Маленькая Фадета вздрогнула; но сейчас же успокоилась и добродушно сказала:

— Ты хочешь, Ландри, чтоб я заставила тебя искупить свою вину наказанием. Нет, мой милый, я считаю, что ты сдержал свое слово тем, что танцовал с такой дурнушкой. А поцеловать ее было бы уже прямо геройством.

— Не говори этого! — воскликнул Ландри, хватая ее за руку. — Поцеловать тебя не может быть наказанием… если только это тебя не огорчает, и я тебе не противен…

Ему страстно хотелось поцеловать Маленькую Фадету, и он дрожал от волнения, что она не согласится на это.

— Послушай, Ландри, — сказала она своим нежным и вкрадчивым голосом: — если бы я была красива, я бы сказала, что не время и не место целоваться здесь украдкой. Если бы я была кокетка, я бы, наоборот, думала, что это подходящее время и место, потому что темнота скрывает мое безобразие и никто тебя здесь не сможет пристыдить. Но я не кокетка и не красавица, и вот что я тебе скажу: пожми мне руку в знак дружбы, и я, которая до сих пор не знала, что такое дружба, буду радоваться ей и никогда не буду стремиться иметь другого друга.
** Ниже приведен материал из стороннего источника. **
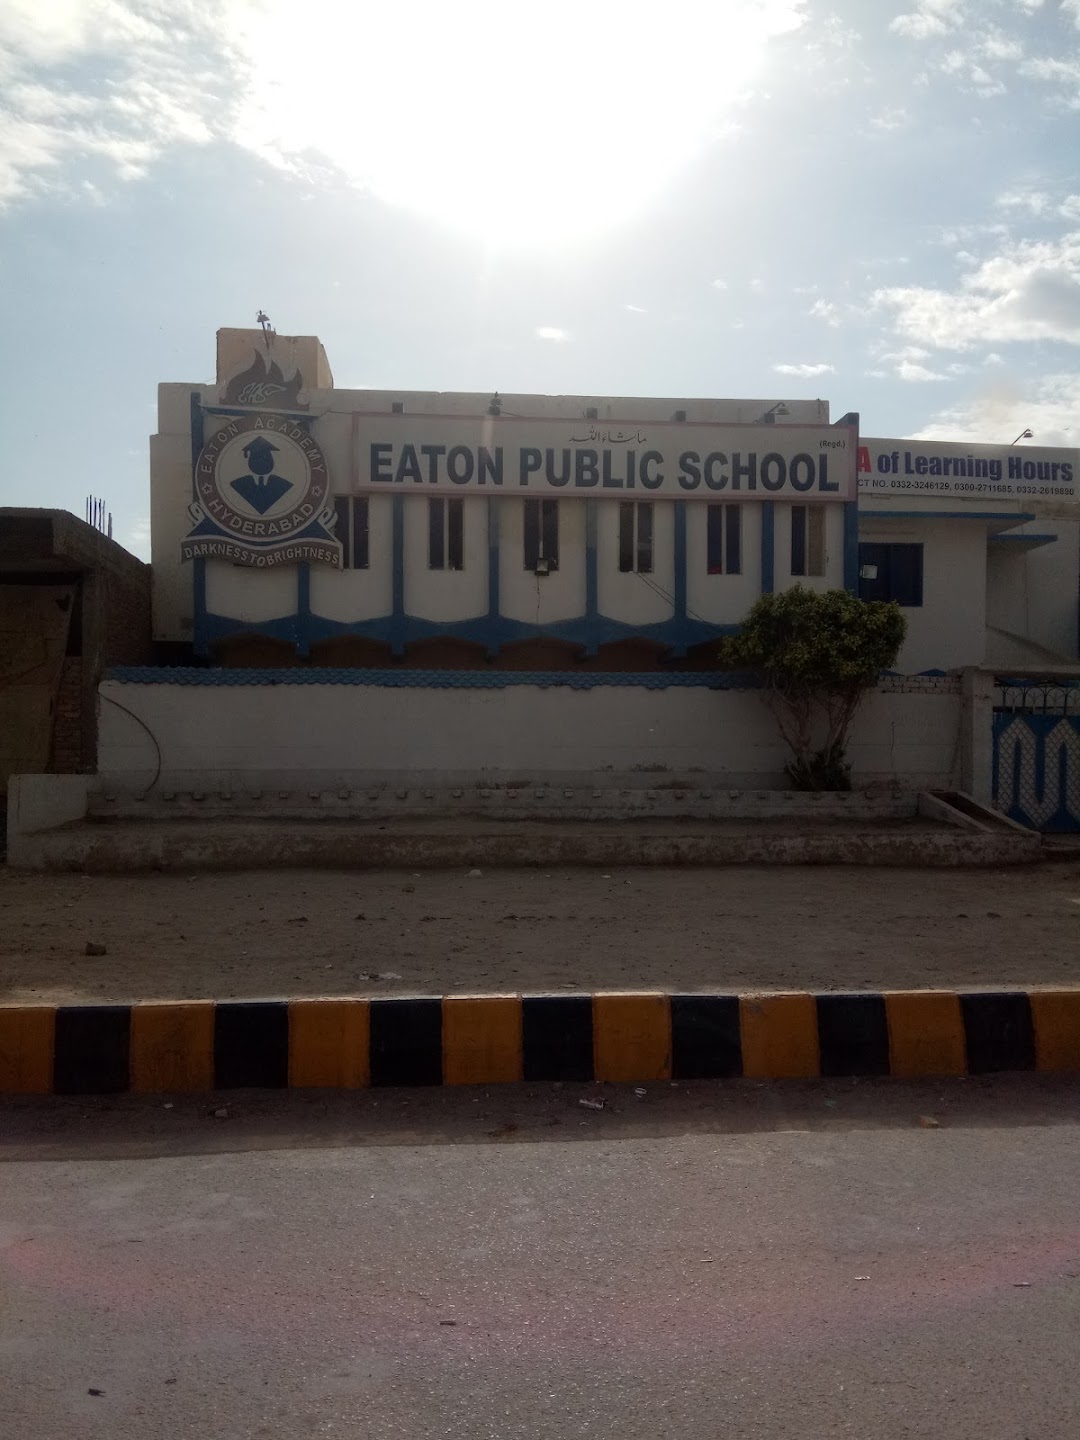 Eaton Academy (Eaton public school)

— Хорошо, — сказал Ландри, — я от всего сердца жму твою руку, ты слышишь, Фадета? Но самая искренняя дружба, а моя именно такова, не может помешать нам поцеловаться. Если же ты откажешь мне в этом доказательстве дружбы, я буду думать, что ты имеешь что-нибудь против меня.

И он пытался неожиданно поцеловать ее. Но девушка воспротивилась, а когда он продолжал настаивать, она заплакала и сказала:

— Оставь меня, Ландри! Ты меня очень огорчаешь!

Ландри стоял неподвижно, удивленный и встревоженный ее слезами.

— Я вижу, — сказал он недовольным тоном, — что ты была не искренна со мной. Ты сказала, что желаешь только моей дружбы. По-видимому, какая-то другая, сильнейшая, привязанность мешает тебе меня поцеловать.

— Нет, Ландри, — ответила Фаншона, заплакав. — Я боюсь, что завтра днем, когда вы меня увидите, вы возненавидите меня за то, что ночью, в темноте, поцеловали меня.

— Да разве я тебя никогда не видел? — нетерпеливо сказал Ландри: — и разве я тебя сейчас не вижу? Подойди-ка сюда, здесь светит луна, и я тебя отлично вижу. Не знаю, может быть, ты и некрасива, но я люблю твое лицо, потому что я тебя люблю, — вот и все.

И он стал целовать ее; сначала робко и с волнением, а потом с таким увлечением, что она испугалась и оттолкнула его.

— Будет, Ландри, будет! — сказала она. — Можно подумать, что ты со злости целуешь меня или что ты в это время думаешь о Маделоне. Успокойся, завтра я поговорю с ней, и завтра же ты поцелуешь ее с радостью, которой я не могу тебе доставить.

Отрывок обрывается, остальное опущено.